%%

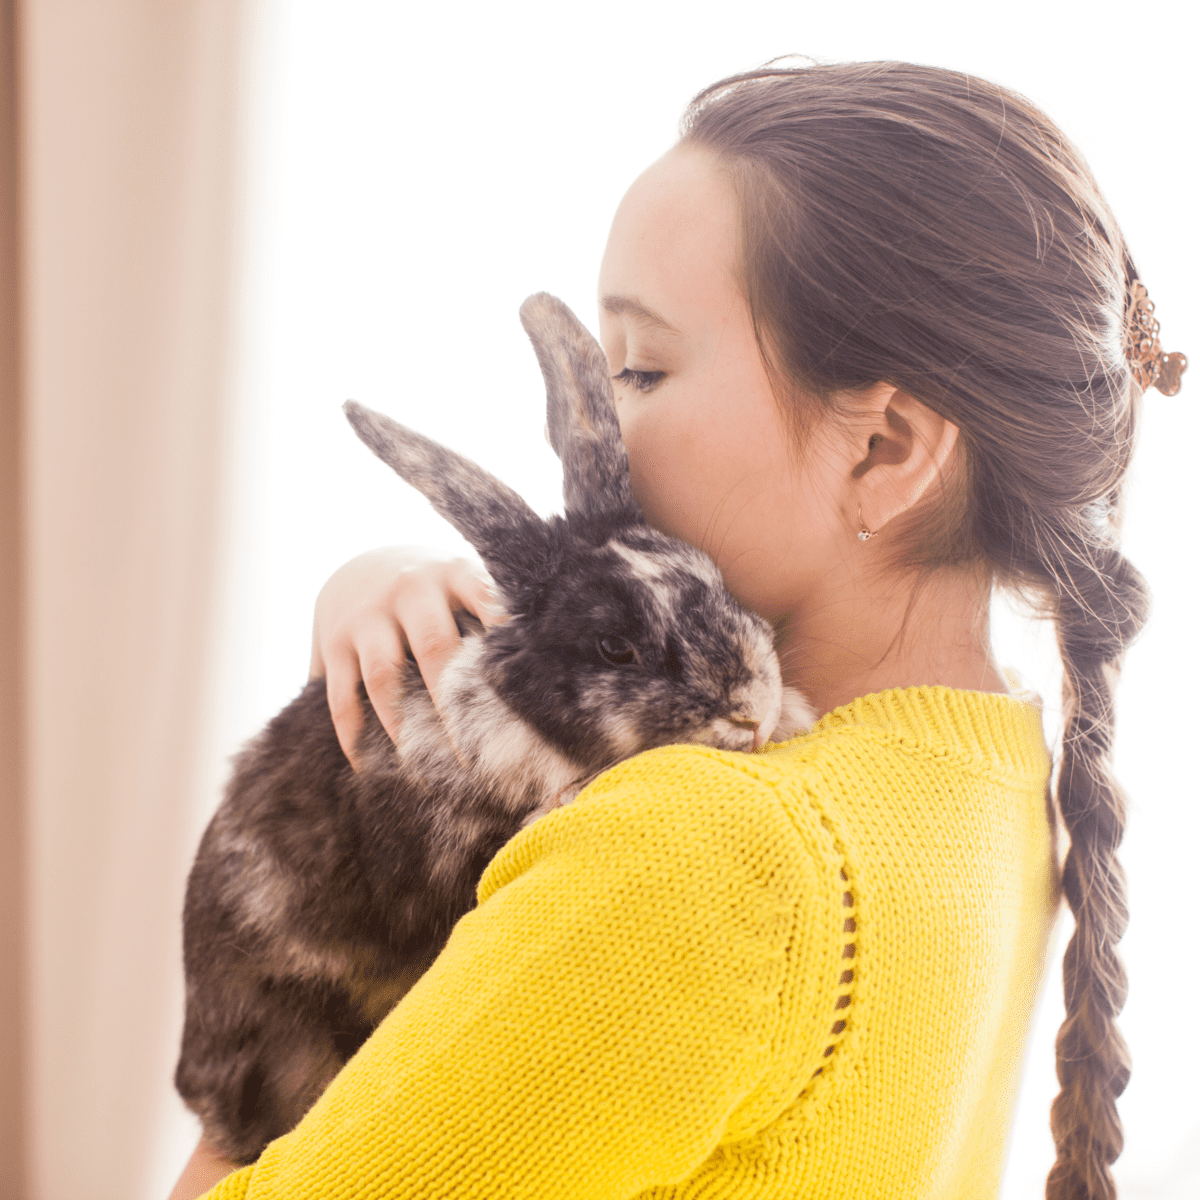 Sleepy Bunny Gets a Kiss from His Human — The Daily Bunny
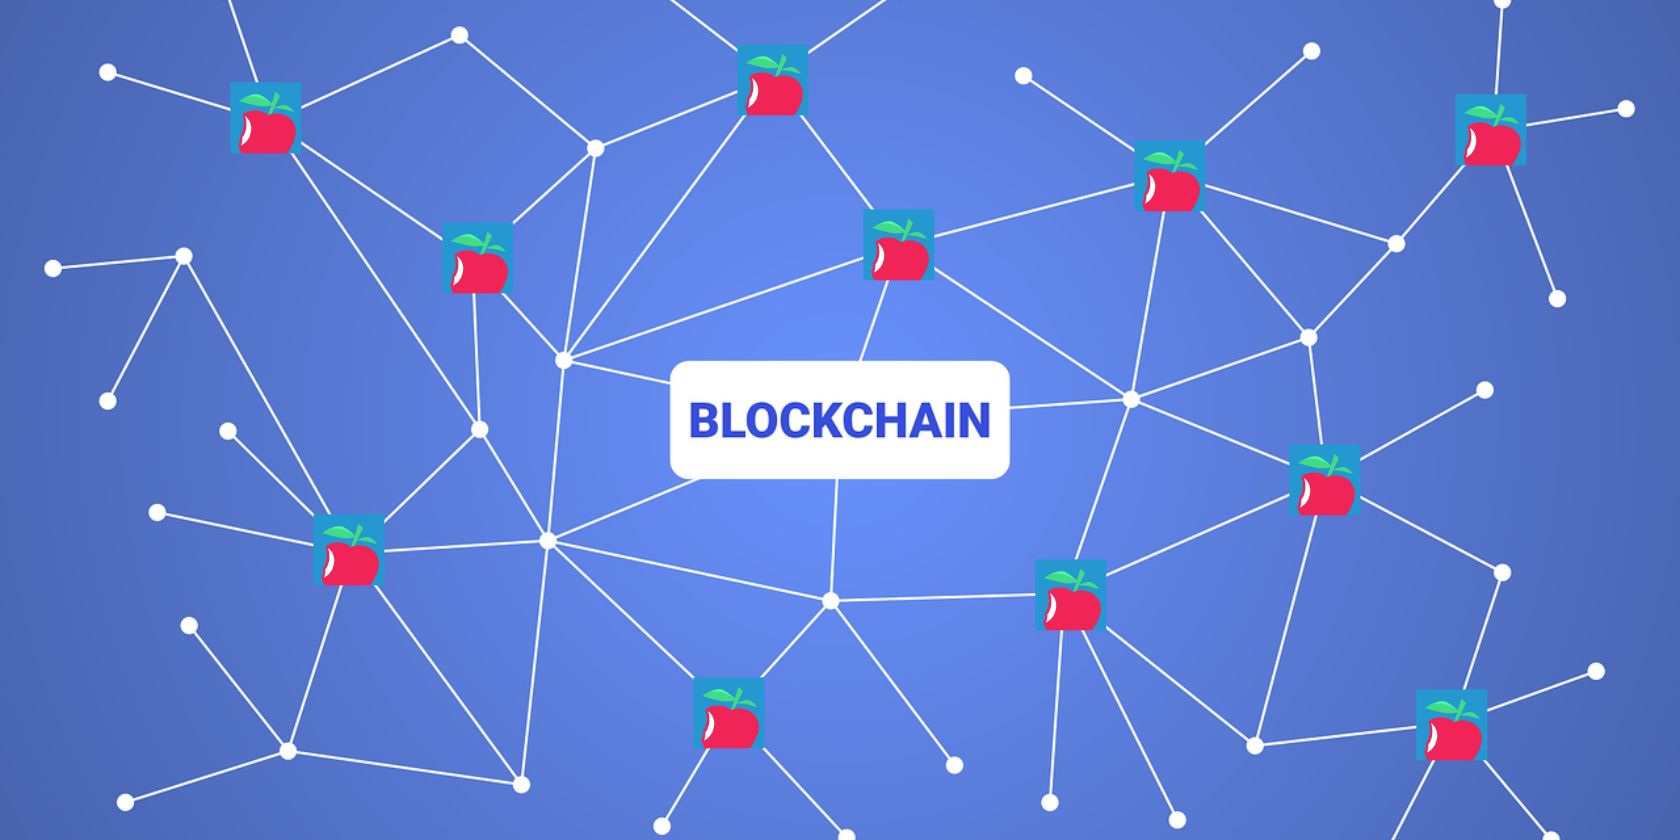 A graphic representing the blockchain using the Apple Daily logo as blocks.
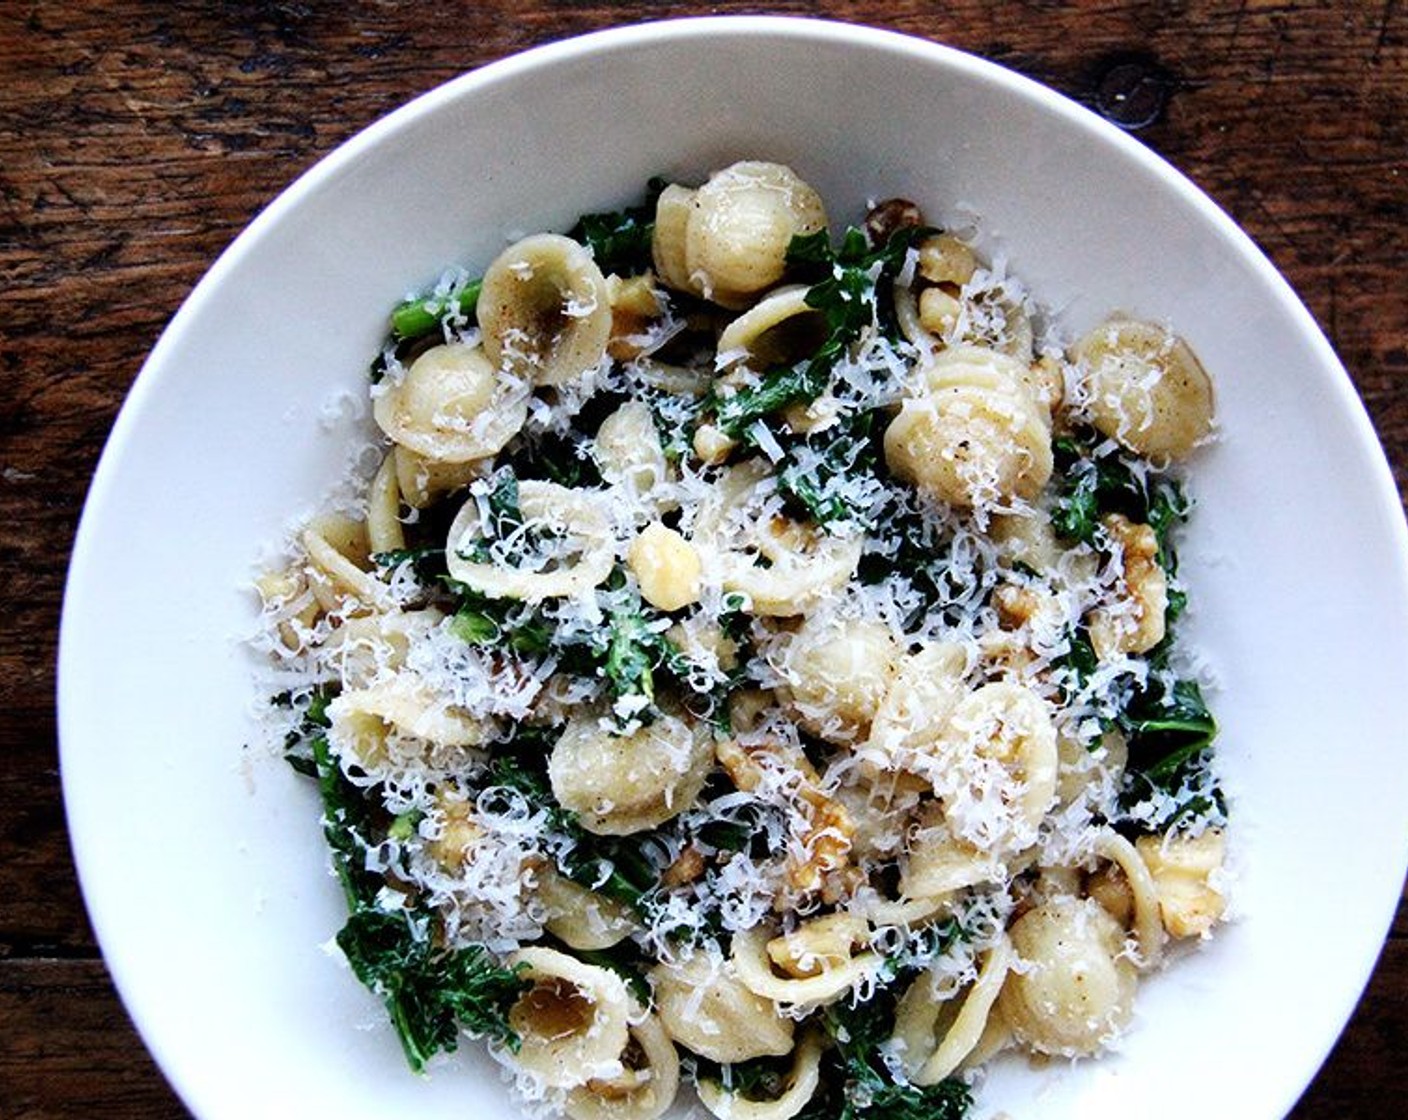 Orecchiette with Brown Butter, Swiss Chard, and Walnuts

%%

Assignment:
Every line above should be transcribed exactly, though no image should be carried over.

Exercise response:
 Sleepy Bunny Gets a Kiss from His Human — The Daily Bunny
 A graphic representing the blockchain using the Apple Daily logo as blocks.
 Orecchiette with Brown Butter, Swiss Chard, and Walnuts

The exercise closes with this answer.